Dalam satu gerakan cepat, Hiroshi melompat ke samping, katananya memotong angin dengan kecepatan luar biasa.
"Men-uchi!" serangannya mengenai helm murid itu, namun tanpa menggunakan sisi tajam katananya, membuat murid itu terjatuh dengan keras ke tanah.
"Bagaimana dia bisa secepat itu...?" bisik seorang murid penyihir yang melihat dari belakang. Namun dia tak sempat berpikir lebih jauh karena kini giliran mereka menyerang.
"Incendio Orbis!" teriak salah satu murid, mengarahkan bola api raksasa ke arah Hiroshi. Namun, dengan gerakan cepat, Hiroshi menunduk rendah, memutar tubuhnya dengan sempurna, dan menghindari bola api tersebut dengan langkah
"Tsubame Gaeshi"—teknik yang memungkinkannya menyerang dari dua arah sekaligus. Katananya berkelebat dengan kecepatan tinggi, membuat garis-garis angin di udara.
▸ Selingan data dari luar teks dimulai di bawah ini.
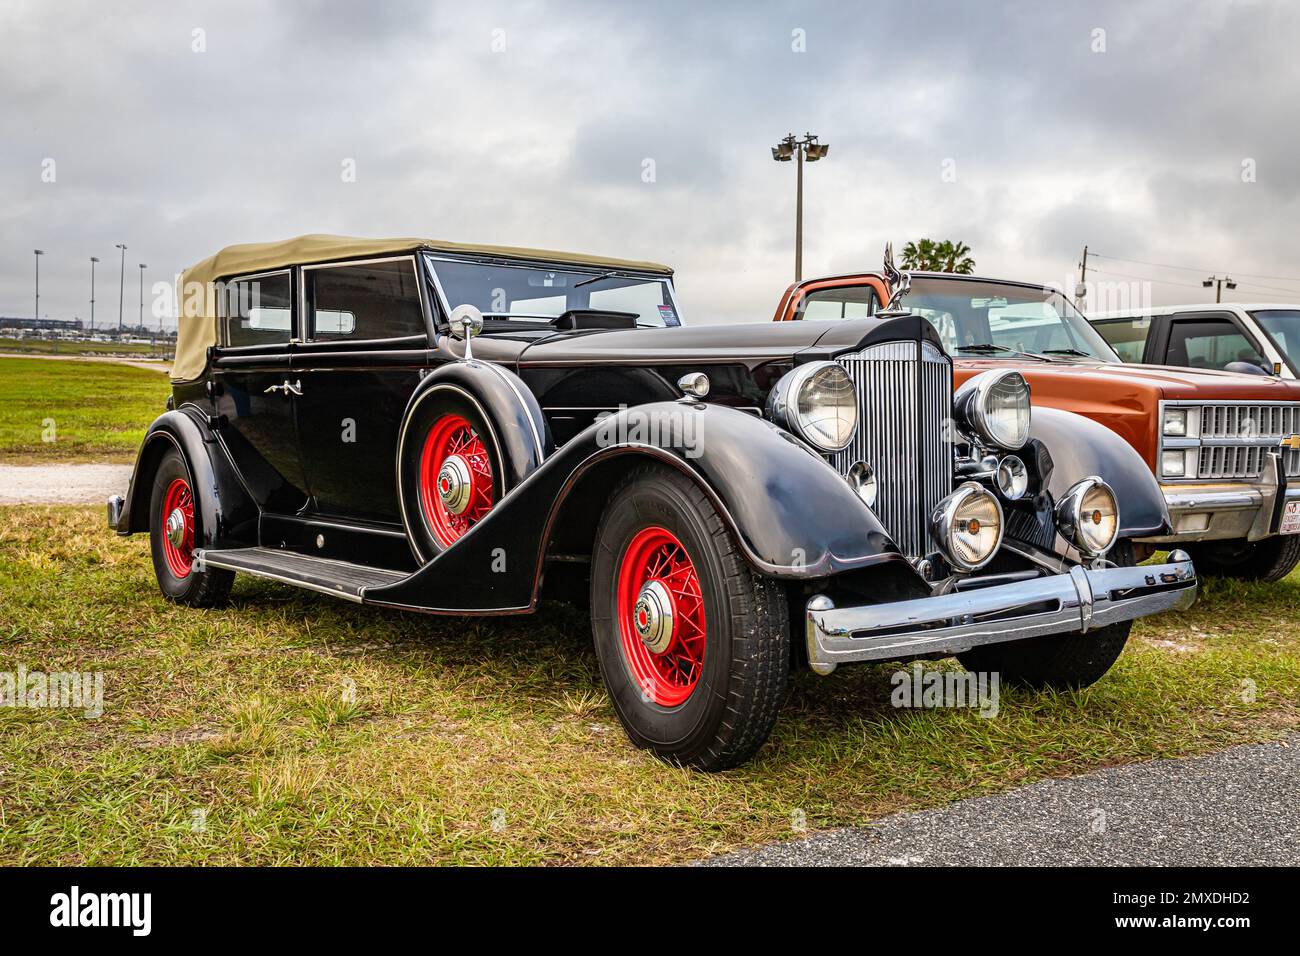 Daytona Beach, FL - November 26, 2022: Low perspective front corner view of a 1934 Packard Super Eight Convertible Sedan at a local car show. Stock Photo

Dua murid penyihir lainnya segera merapal mantra.
"Fulmen Arcus!" seru mereka bersamaan, meluncurkan petir dalam bentuk busur yang menjalar di sepanjang tanah menuju Hiroshi.
Namun Hiroshi, dengan mata yang terfokus pada serangan, merubah langkahnya. Dengan gerakan
"Iai", dia mencabut katananya secepat kilat dan memotong busur petir tersebut, membelah energi sihir itu menjadi dua. Murid-murid itu terkejut, tak pernah menyangka ada orang yang bisa menahan sihir dengan pedang biasa.